[Problem to solve]: Please copy the data below exactly; none of the pictures in it belong in the copy.

** Opening Data shown block **

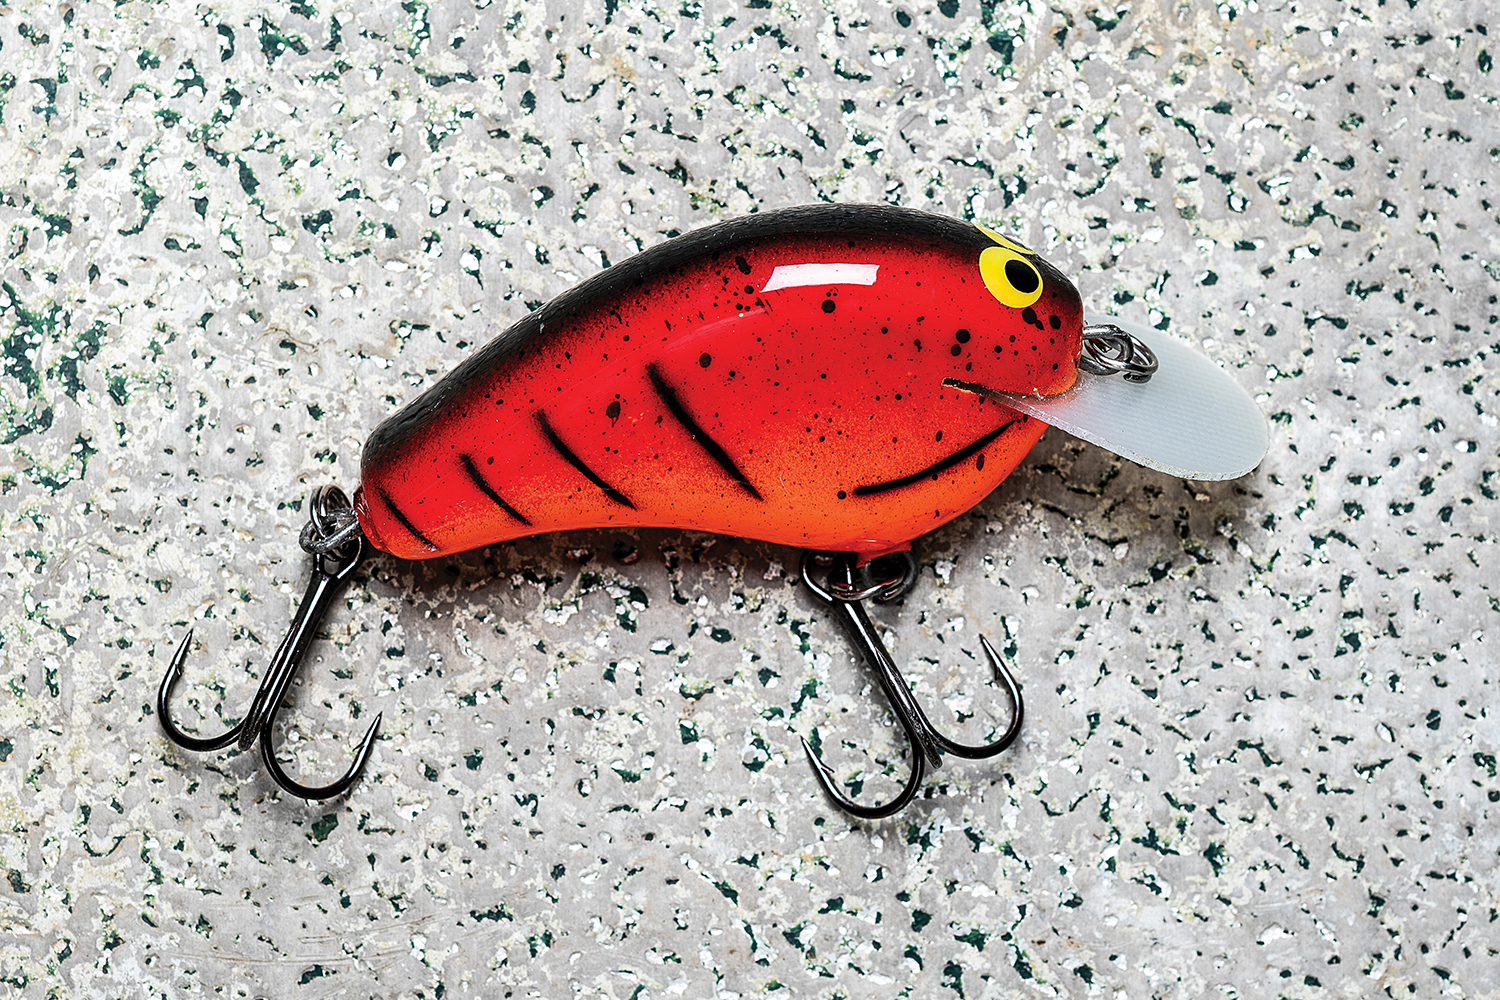 close-up of single, finished red crankbait
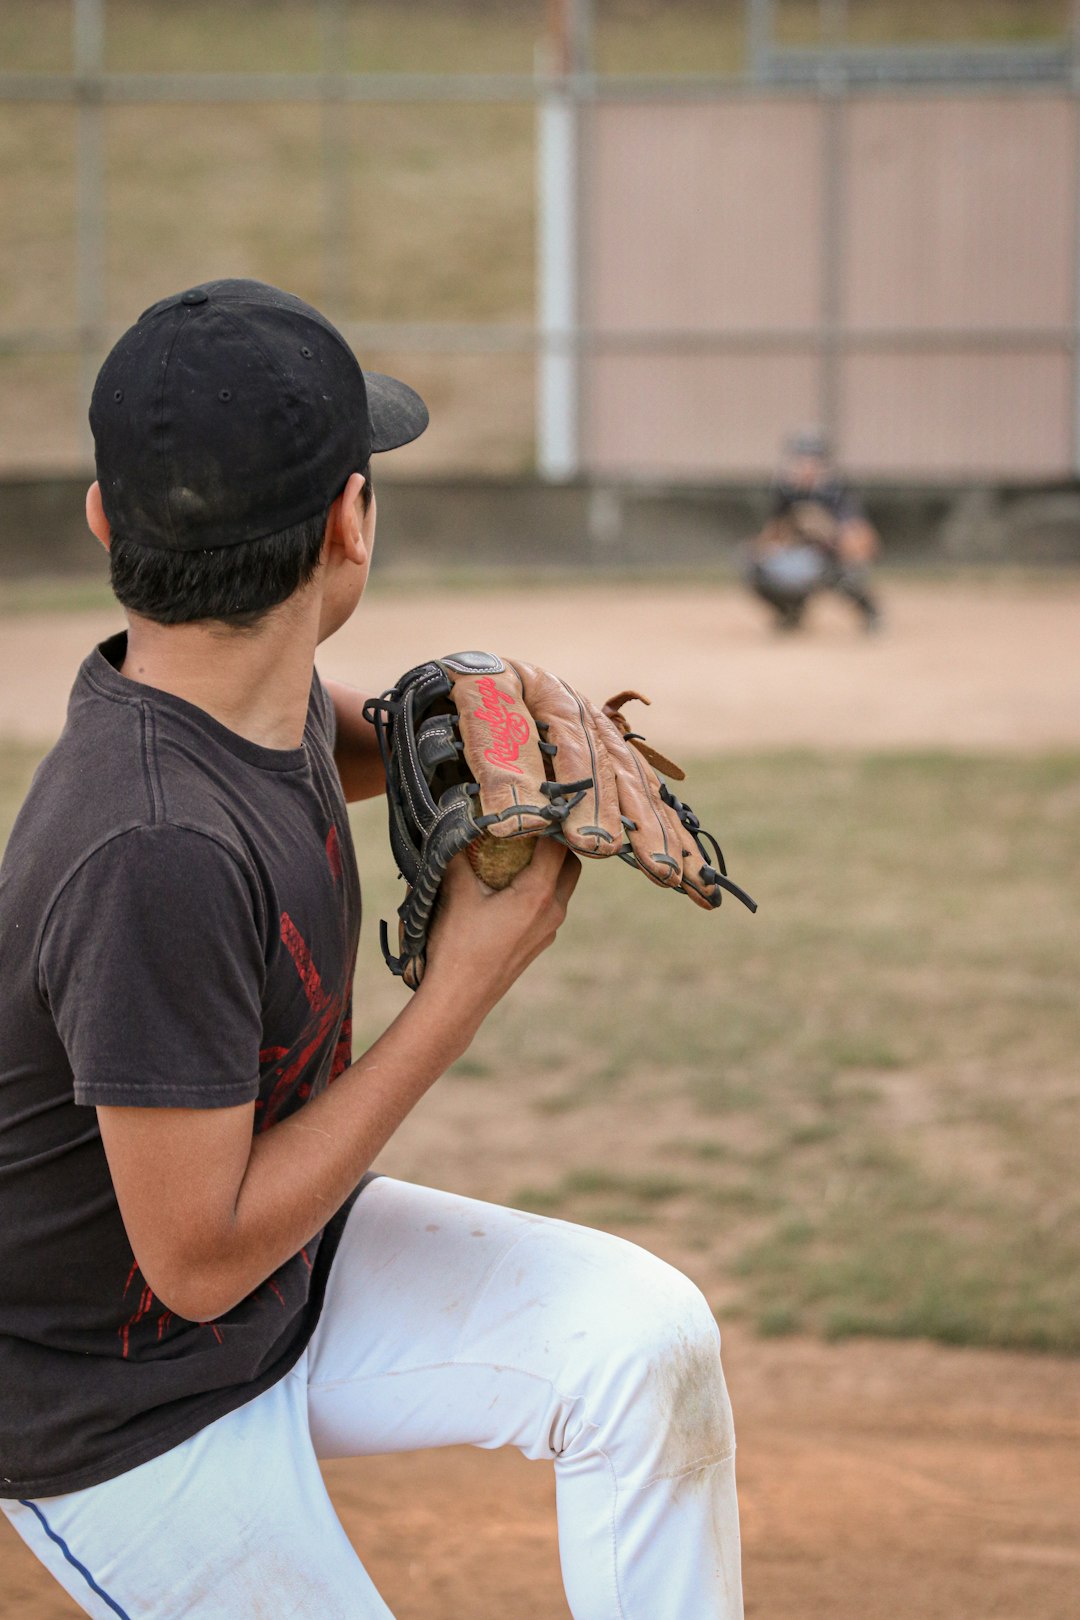 How Much Does Travel Baseball Cost? | Syndication Cloud
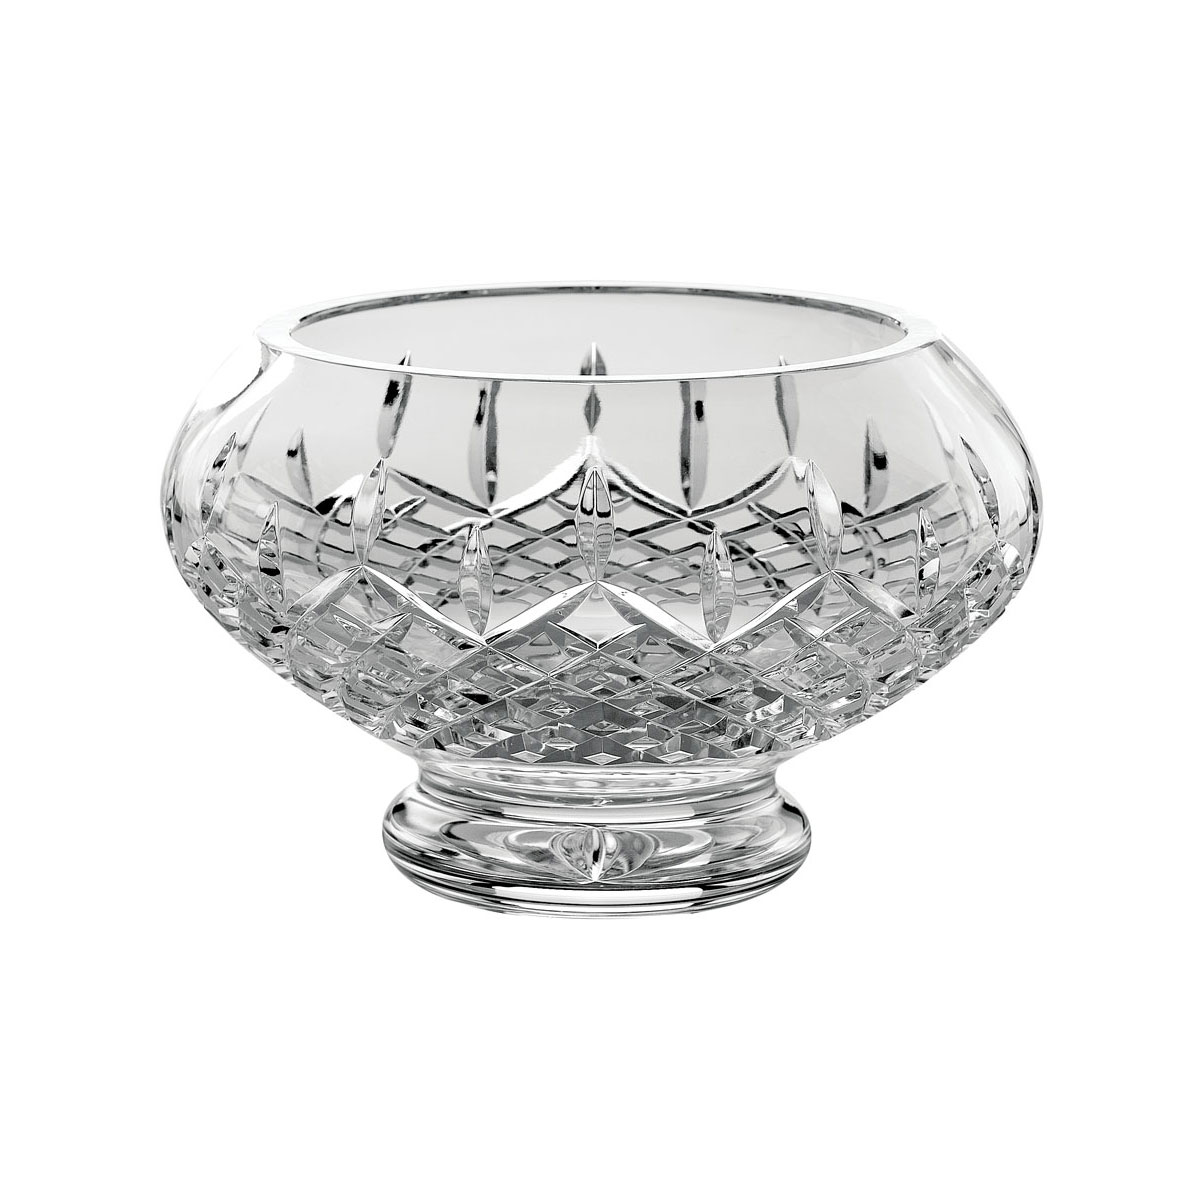 Galway Crystal Longford 10" Footed Bowl

** Closing Data shown block **

[Solution]:
 close-up of single, finished red crankbait
 How Much Does Travel Baseball Cost? | Syndication Cloud
 Galway Crystal Longford 10" Footed Bowl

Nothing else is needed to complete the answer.